TASK DESCRIPTION:
Copy, word for word, the opening line of the data and each line after it until the line that contains "ett konstnärlig stänk", which is included. Leave the pictures out.
══════════════════════════════
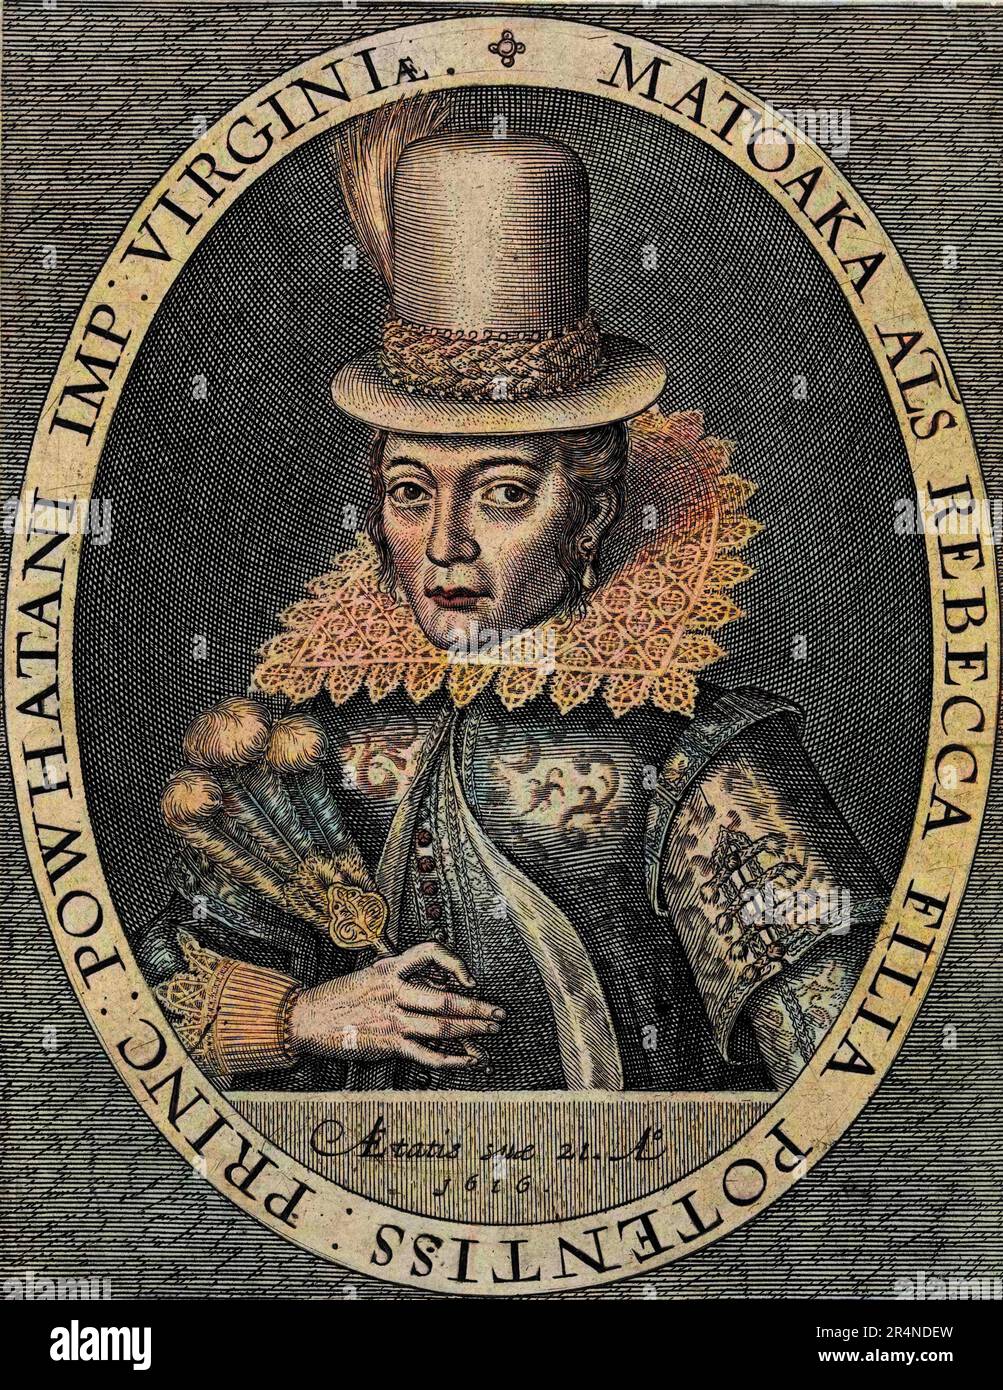 Pocahontas - Portrait de Pocahontas (1595-1617) (ou Mataoka ou Amonute, puis Rebecca Rolfe), princesse amér indienne. Gravure d'apres Simon de passe Banque D'Images
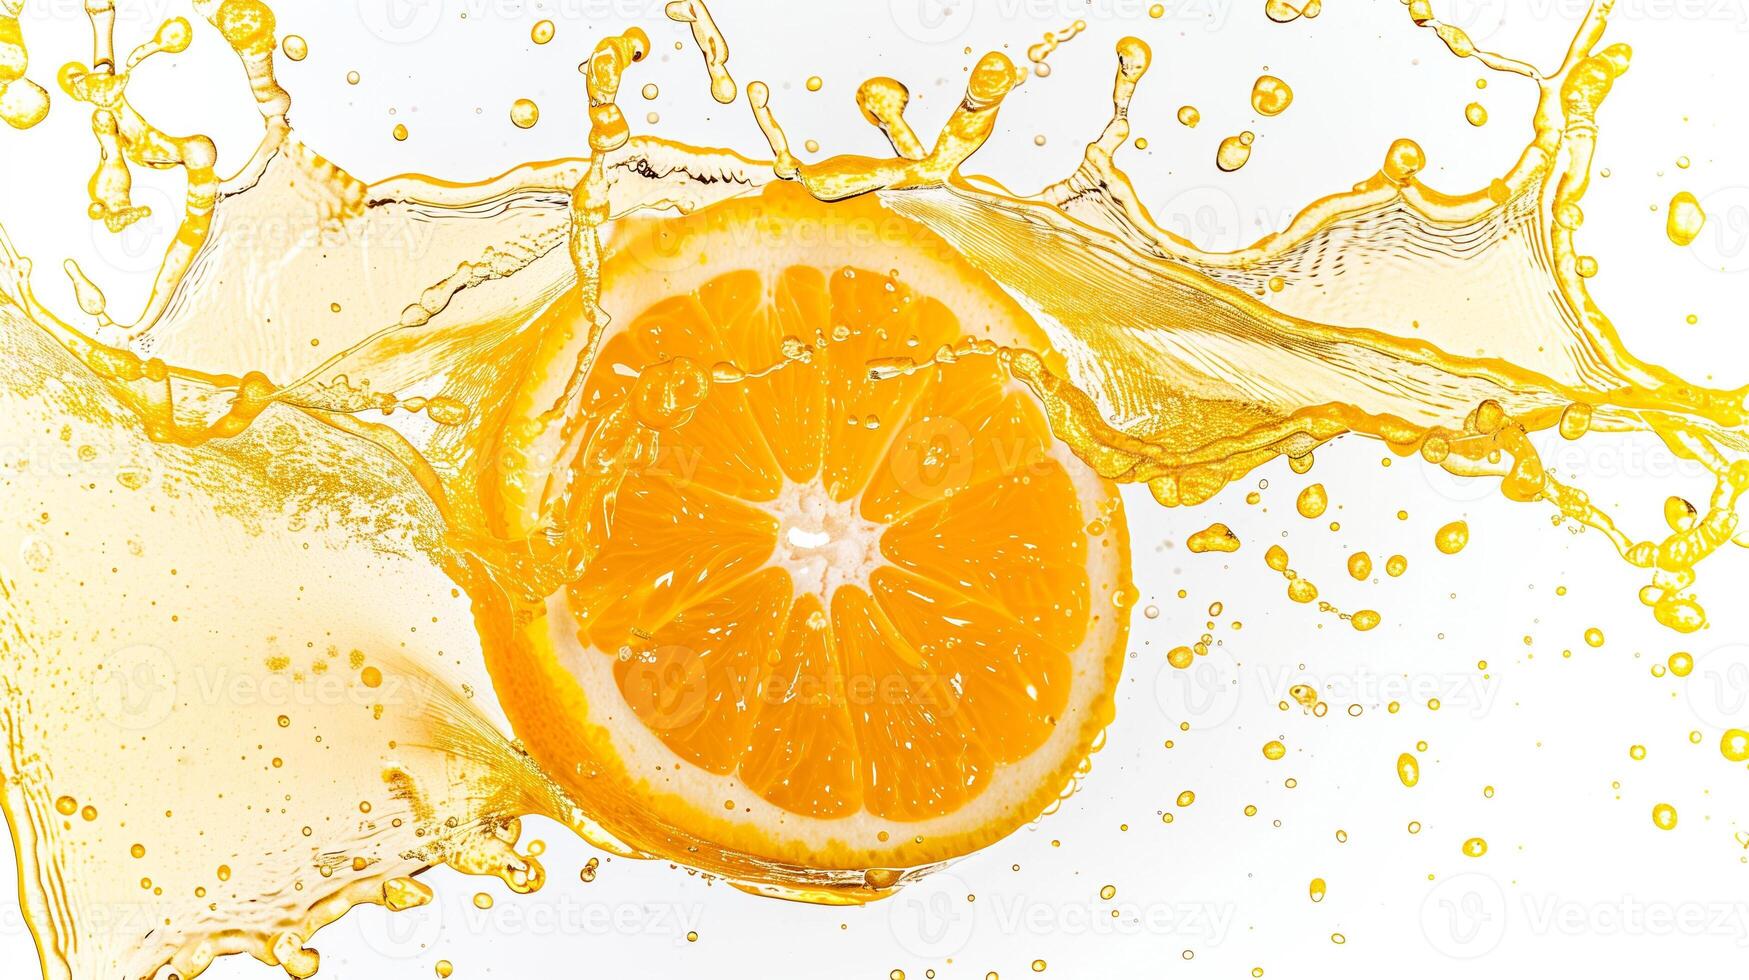 ett konstnärlig stänk av orange juice med en enda, perfekt skiva av orange frysta i i luften, uppsättning mot en skarp vit bakgrund för hög kontrast foto
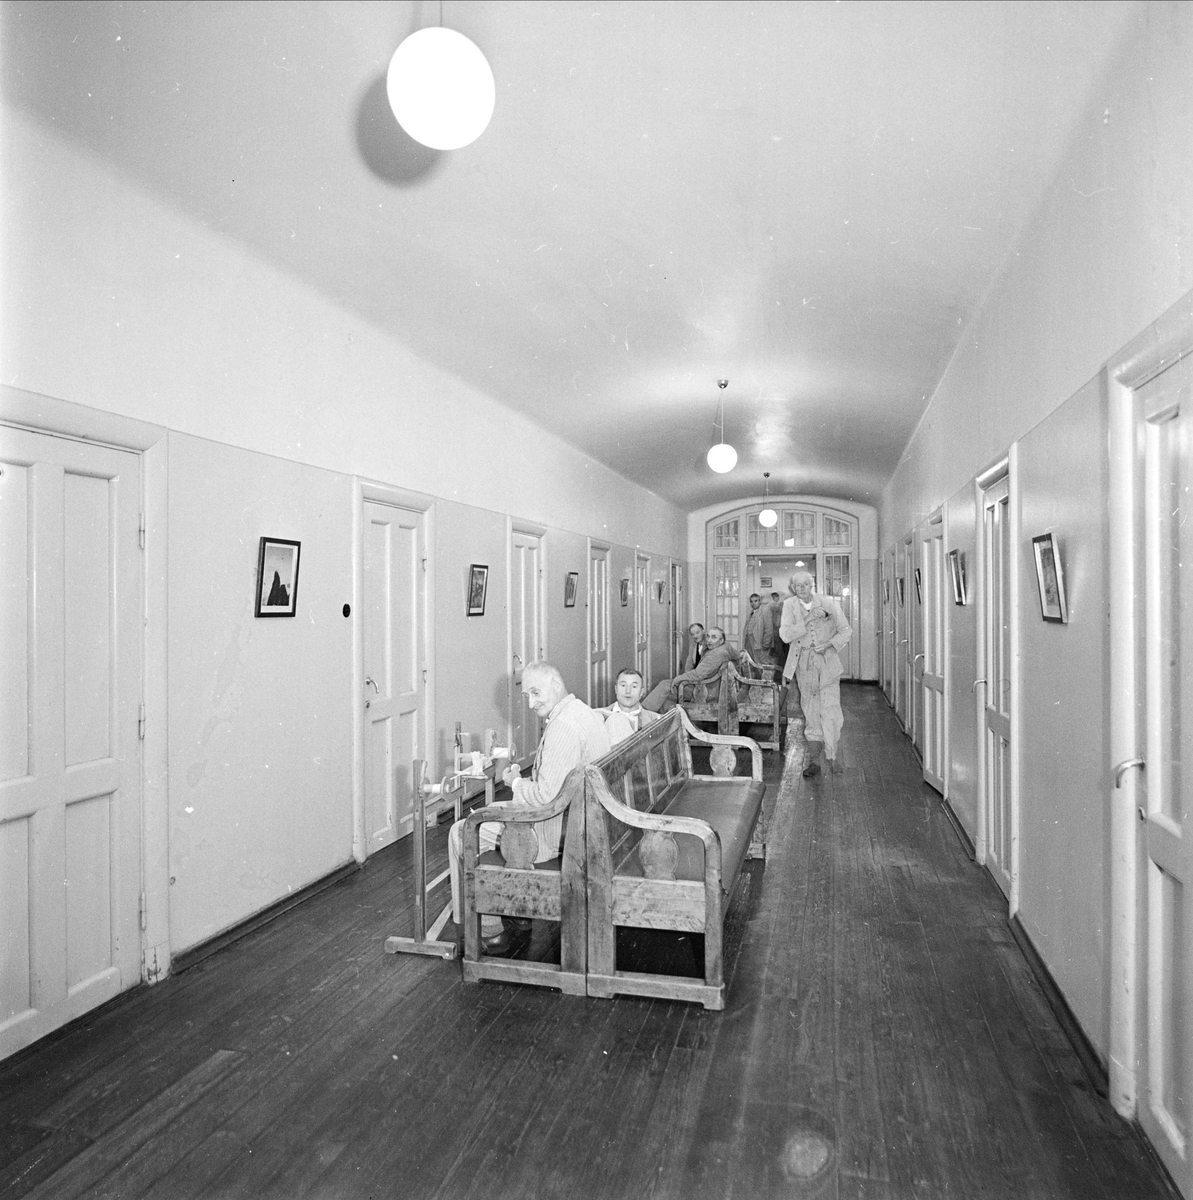 Ulleråkers sjukhus i Uppsala 1956. ”Kala väggar, ett mörkt
trägolv och tråkig belysning ger ett intryck av ödslighet.
Sysselsättning är ovanlig. Patienten närmast kameran är ett
undantag som bekräftar regeln” skrev Expressen.
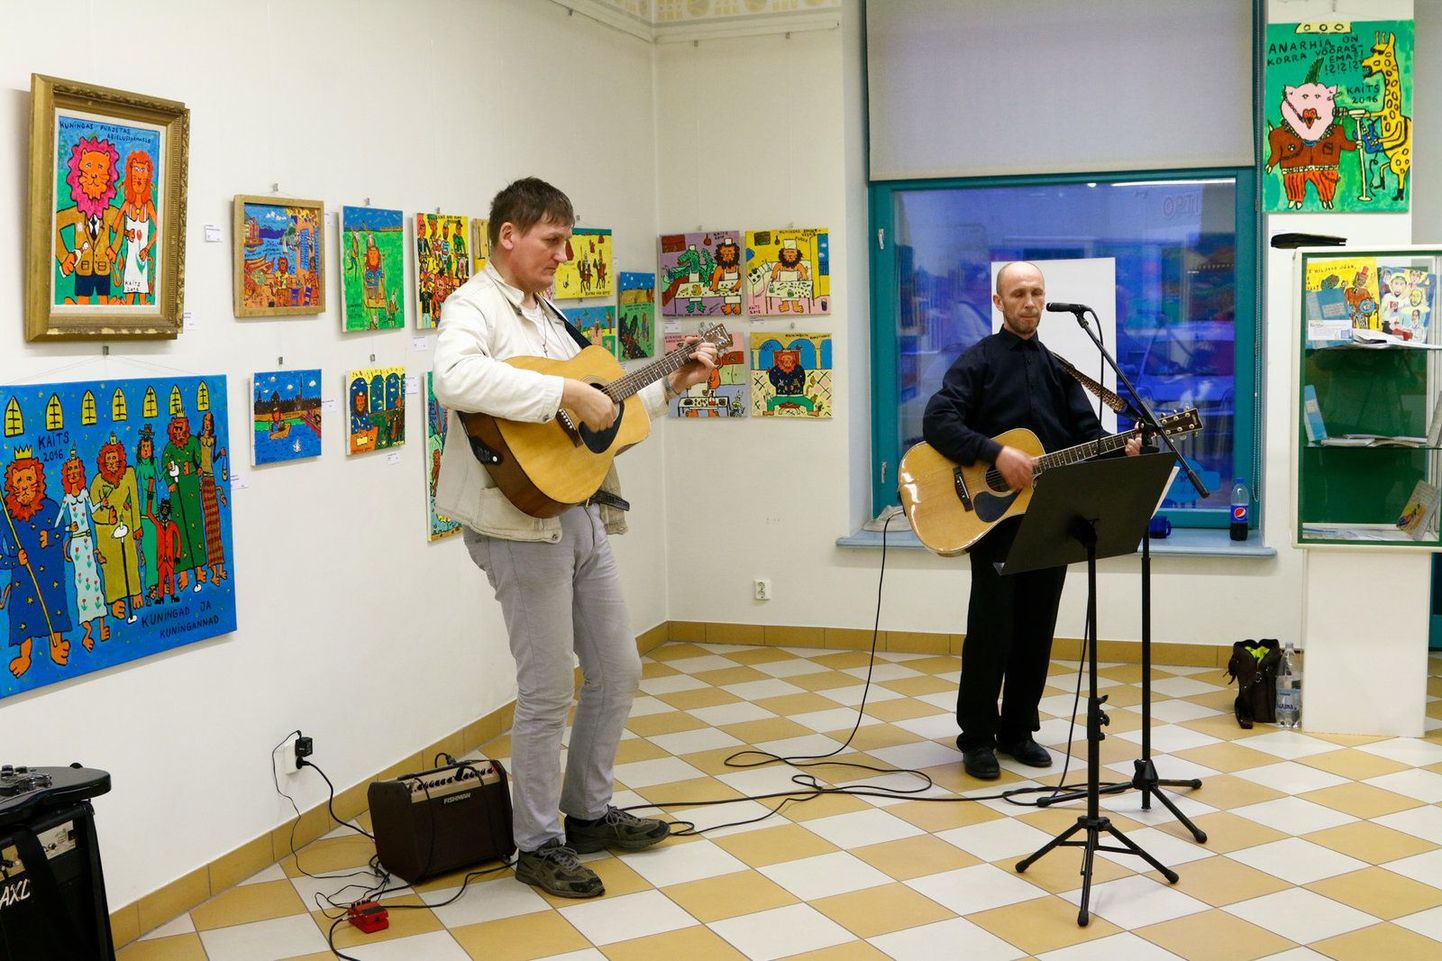 Lisaks oma kunstiandele esitles Raido Rätsep (vasakul) näituse avamisele tulnutele ka oma lauluoskust, esitades koos oma sõbraga punklaule.
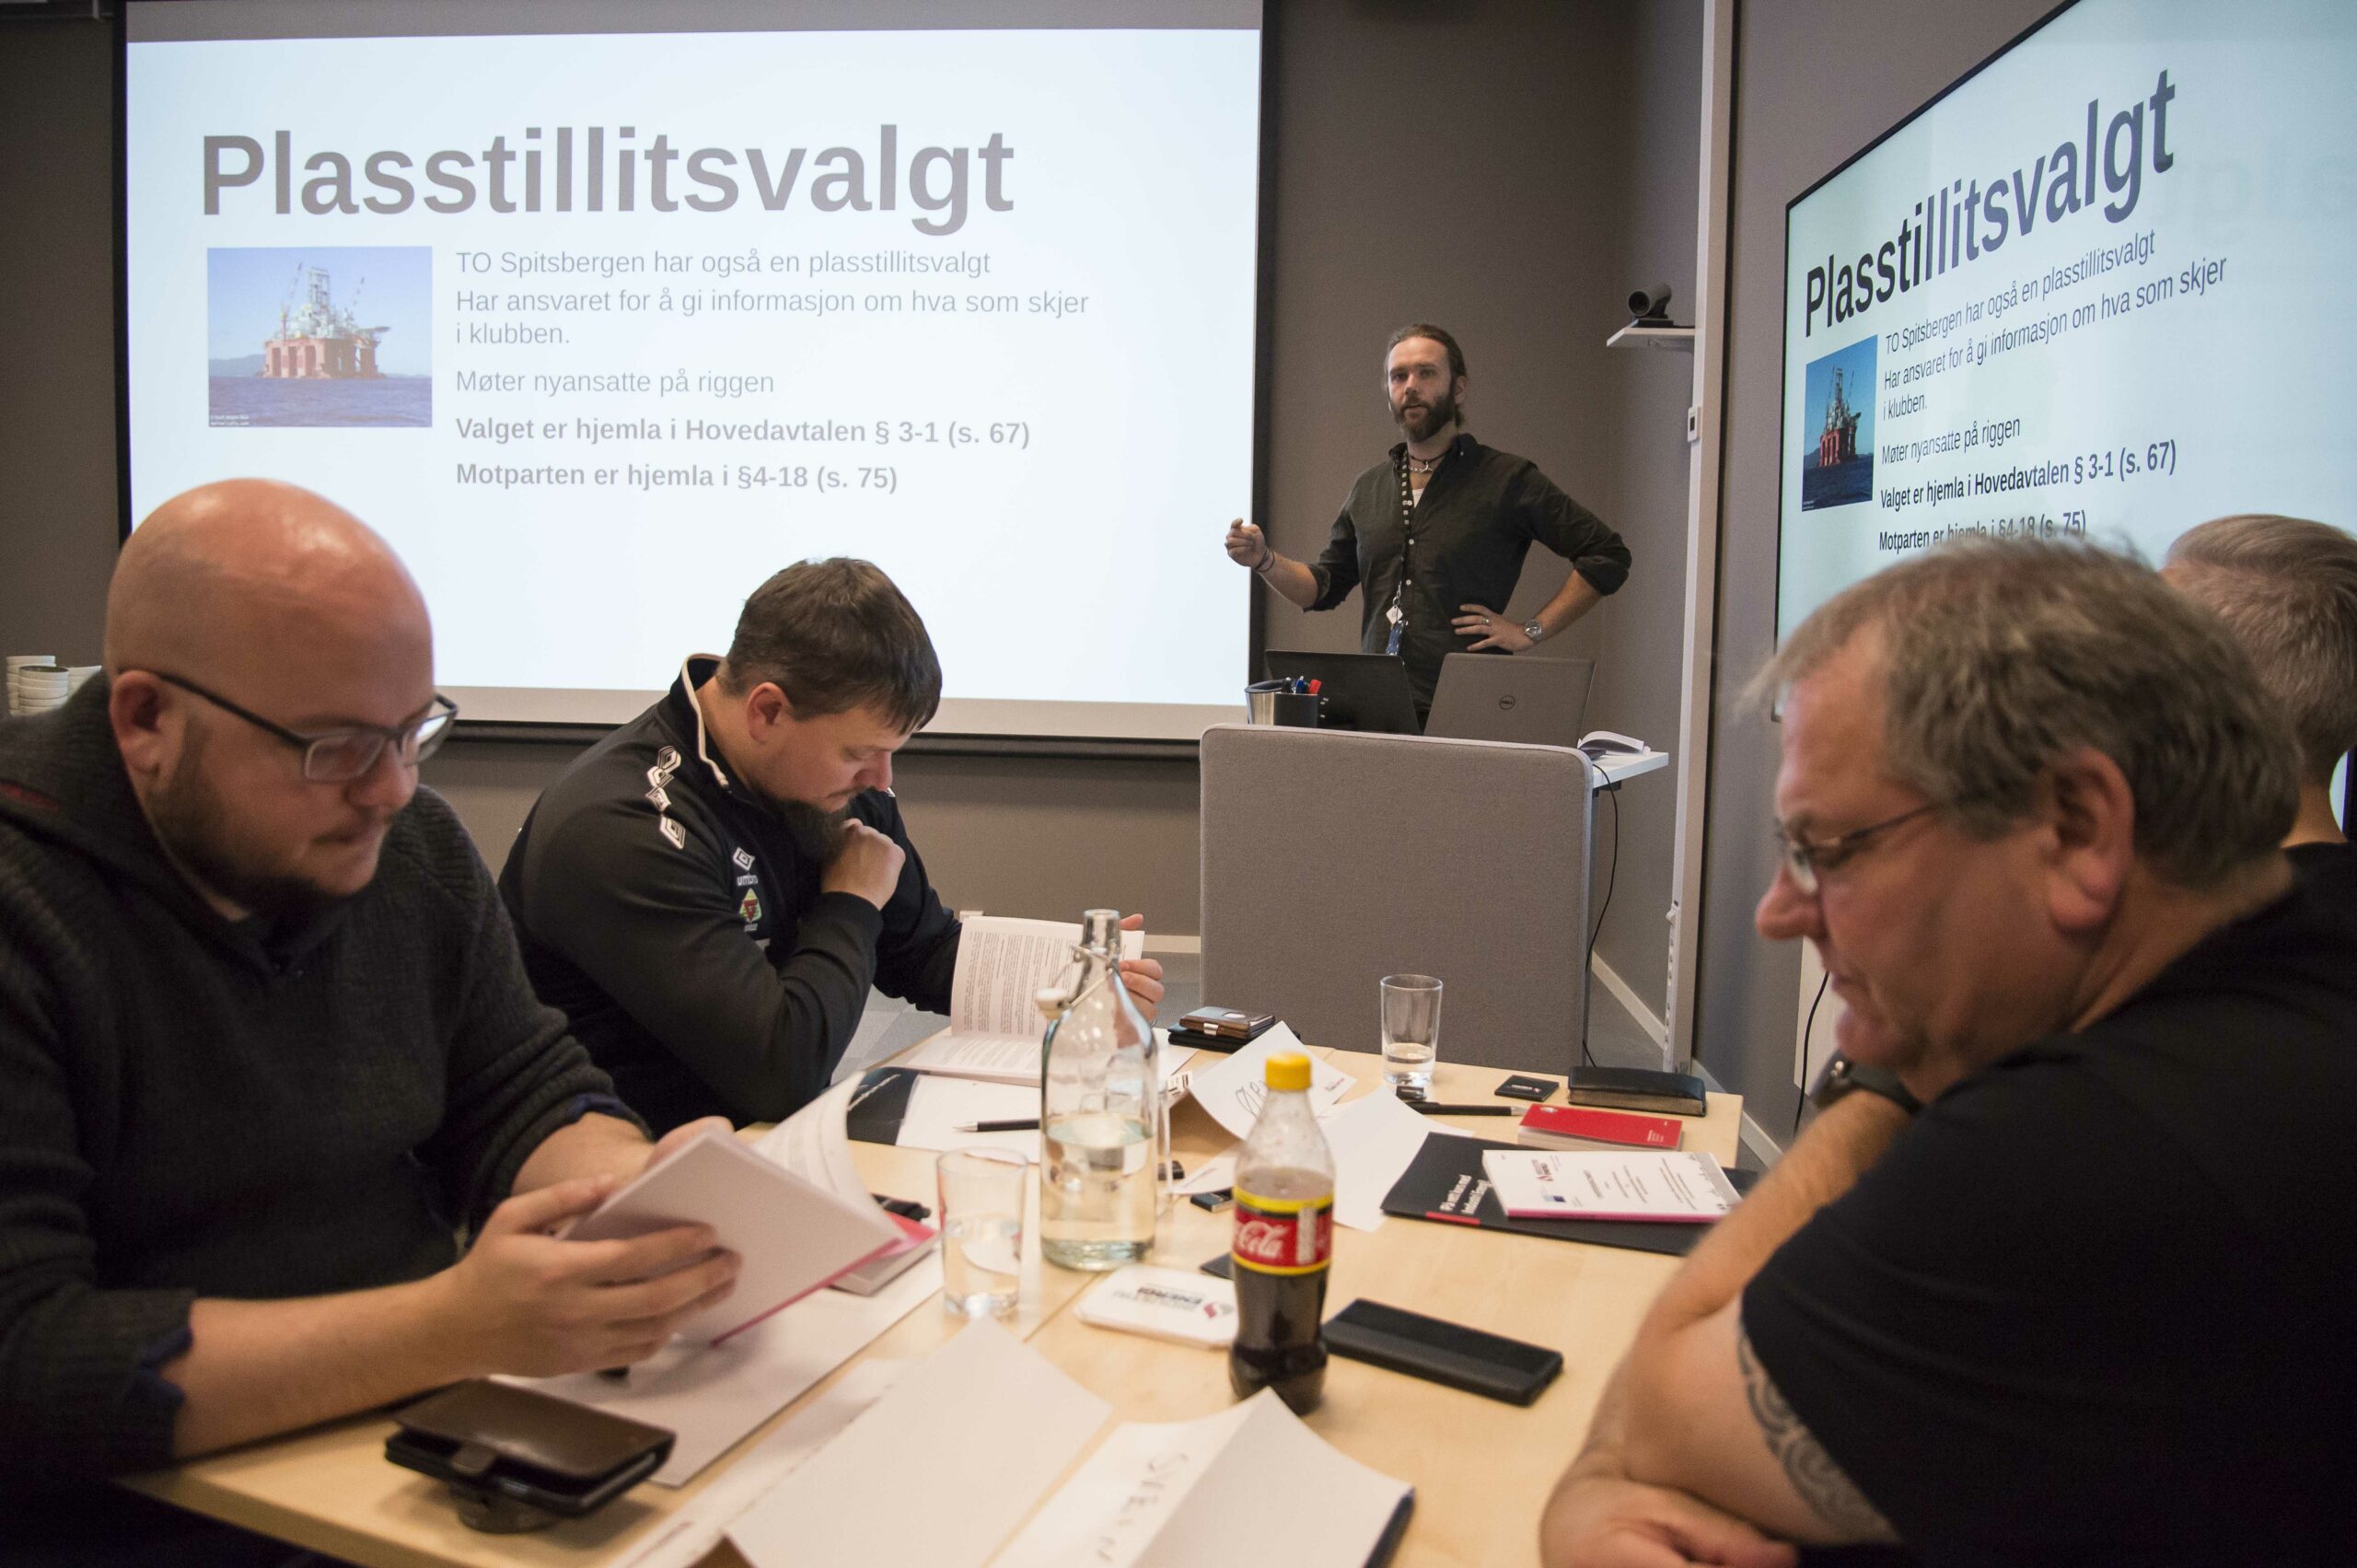 Ommund Stokka sier rekruttering er avgjørende for alt klubbarbeid. Foto: Atle Espen Helgesen
══════════════════════════════
FINISHED TASK:
 Pocahontas - Portrait de Pocahontas (1595-1617) (ou Mataoka ou Amonute, puis Rebecca Rolfe), princesse amér indienne. Gravure d'apres Simon de passe Banque D'Images
 ett konstnärlig stänk av orange juice med en enda, perfekt skiva av orange frysta i i luften, uppsättning mot en skarp vit bakgrund för hög kontrast foto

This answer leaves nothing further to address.